The U.S. Census Bureau  has recently reported that the United States has reached a historic tipping point -- with Latino, Asian, mixed race and African American births constituting a majority of births for the first time. Minorities made up about 2 million, or 50.4%, of the births in the 12-month period ending July 2011. The latest figure was up from 49.5% reported in the 2010 census.

80386 CPU Design Team
Standing L to R: Riaz Haq, Jan Prak, Gene Hill, Pat Gelsinger, John Crawford
Sitting in Front: Dave Vannier
I  have personally witnessed Silicon Valley's racial mix change dramatically over the last several decades. When I arrived here to join Intel in 1981, there were few non-whites in the Valley. In fact, I was the only nonwhite person in a picture of the six-member award winning Intel 80386 CPU design team which was published by the PC Magazine in 1988.
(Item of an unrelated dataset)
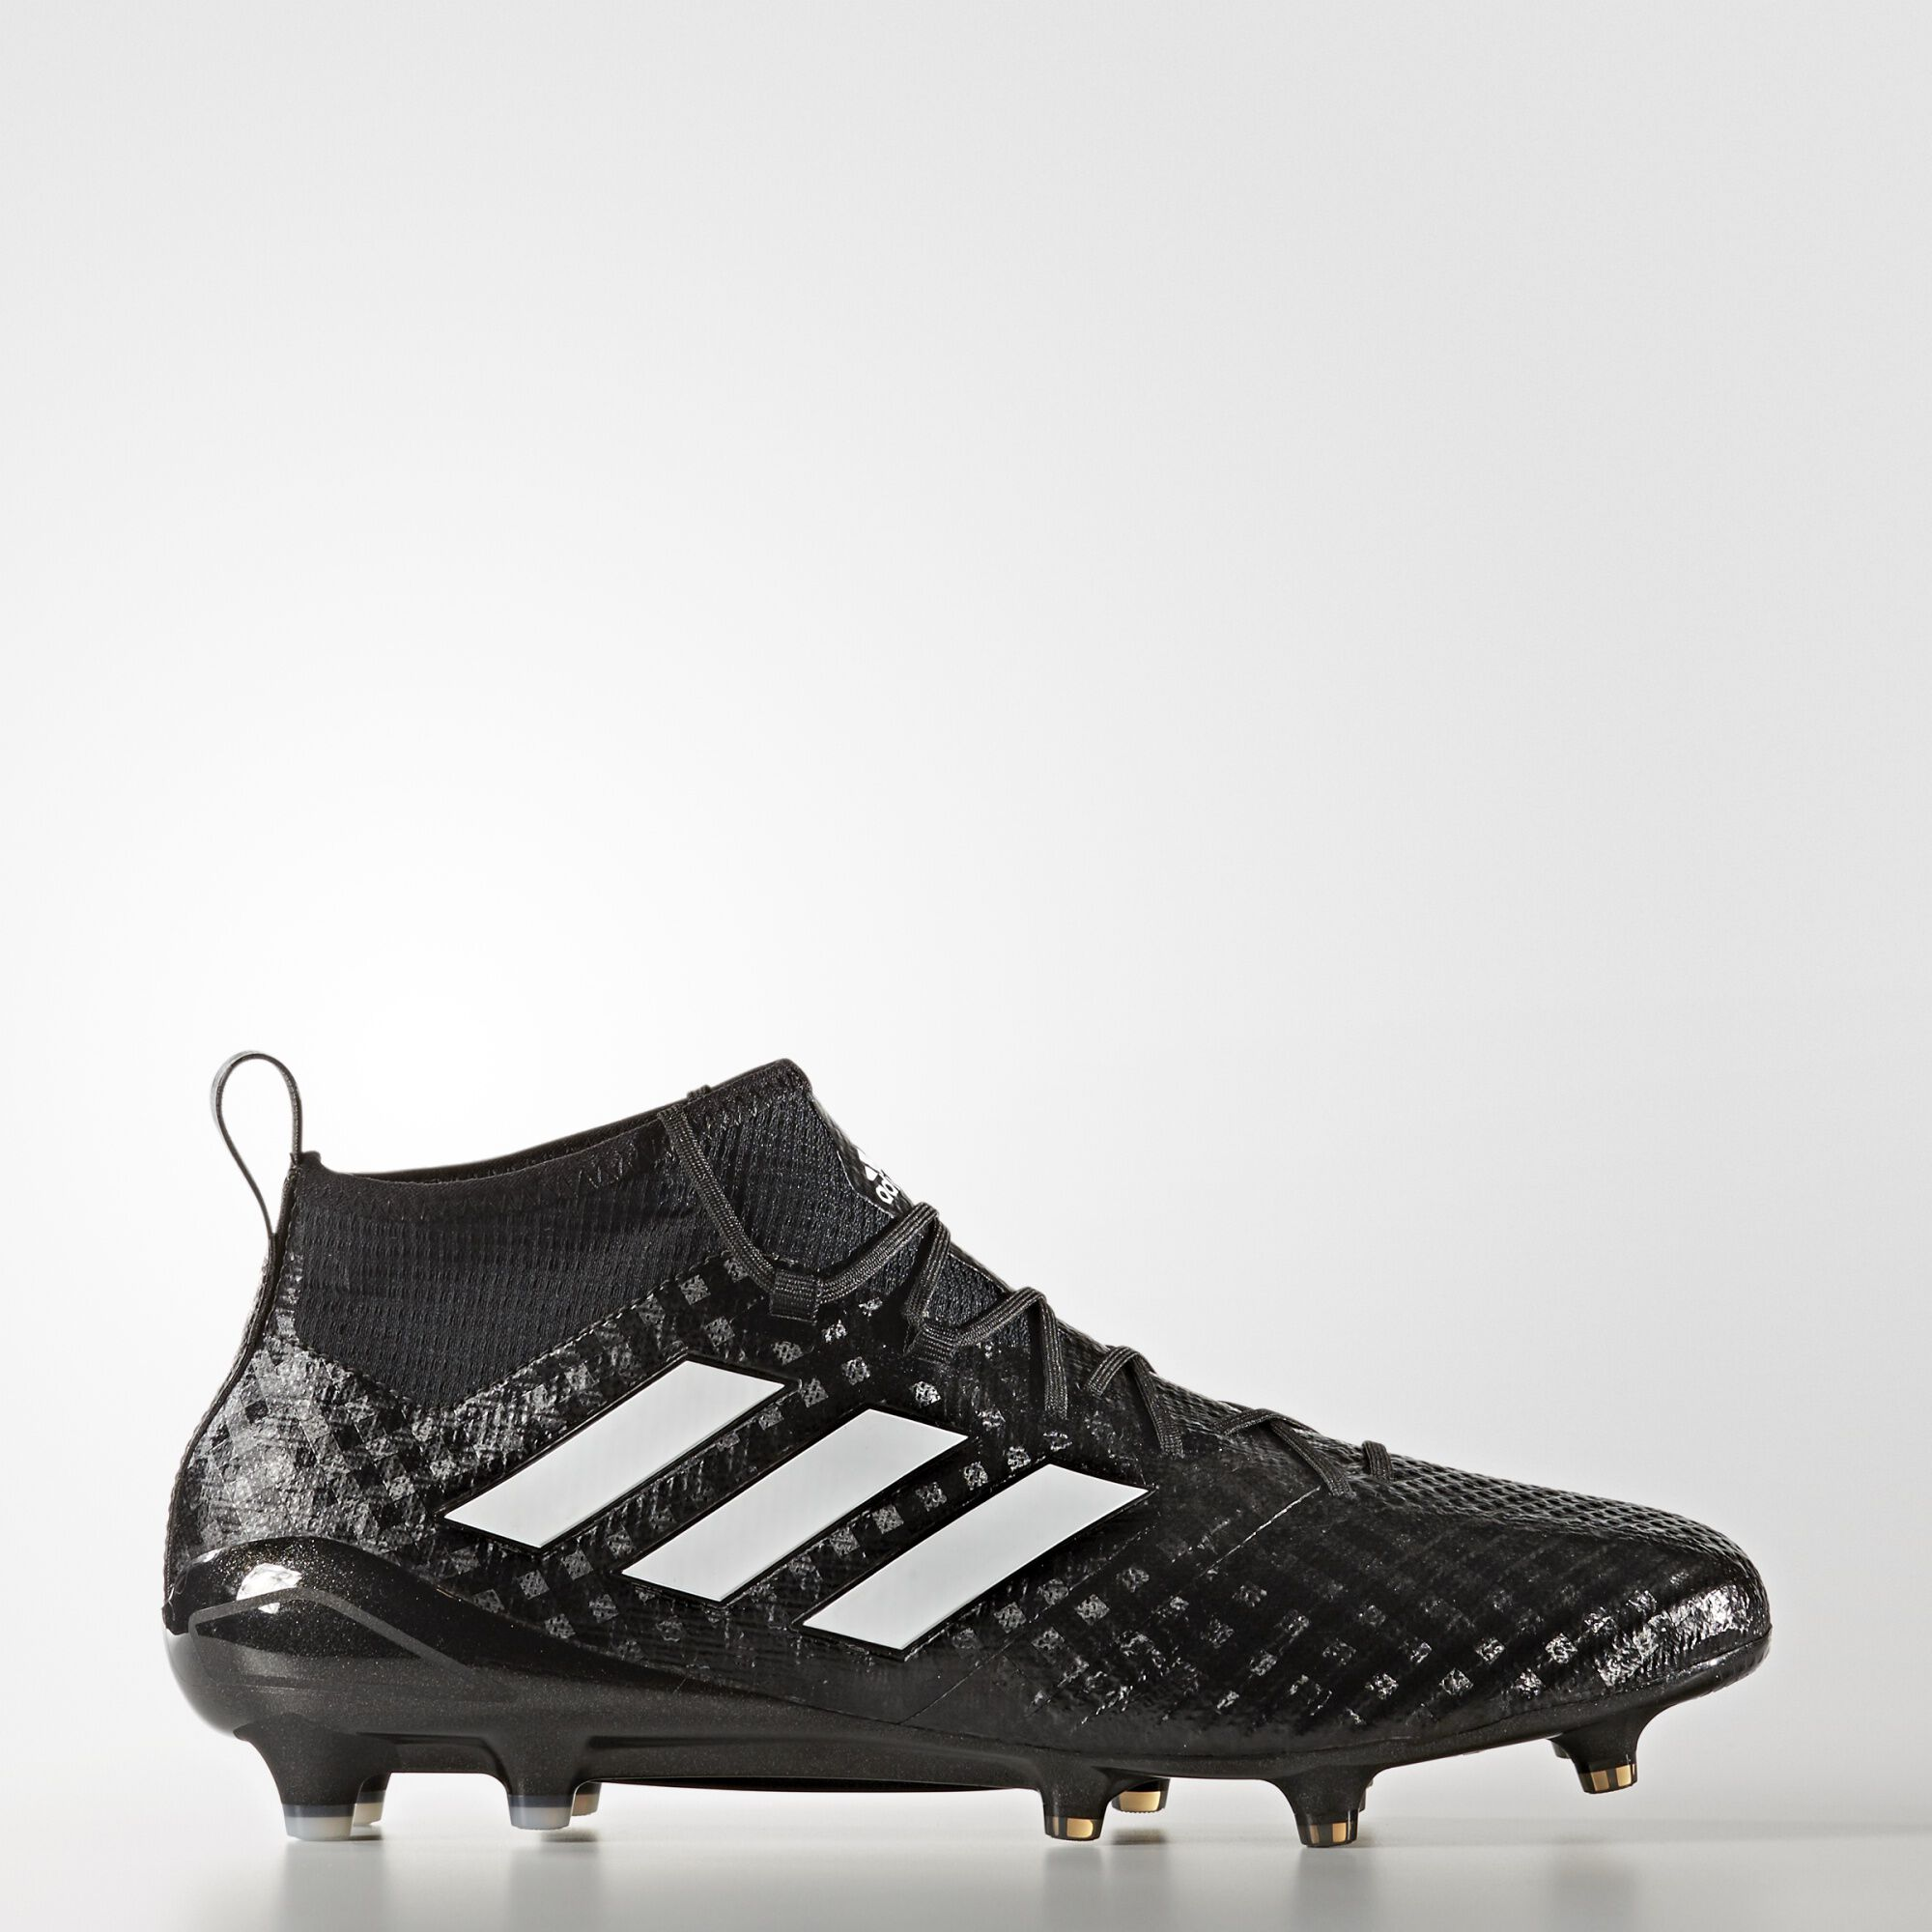 Adidas Ace 17.1 Black

My experience of the demographic changes in this high-tech valley is not just anecdotal. It's supported by data compiled by the local San Jose Mercury newspaper in 2010. The data shows that 49% of Intel employees are now Asian, a full 7% more than whites. In Silicon Valley, the difference is even more pronounced with Asians accounting for 53.9% of the employees versus 37.6% white workers.


 With Asians accounting for just 15.5% of the high-tech work force nationally, Silicon Valley's high-tech racial mix is also very different from the rest of the country. Silicon valley's employee pool also differs in terms of under-representation of Blacks, Hispanics and women relative the national averages.

 Among Asian-Americans, Pakistani-Americans are the 7th largest community in America, according to a report titled "A Community of Contrasts Asian Americans in the United States: 2011" published by Asian-American Center For Advancing Justice.  Pakistani-American population has doubled from 204,309 in 2000 to 409,163 in 2010, the second largest percentage increase after Bangladeshis' 157% increase in the same period.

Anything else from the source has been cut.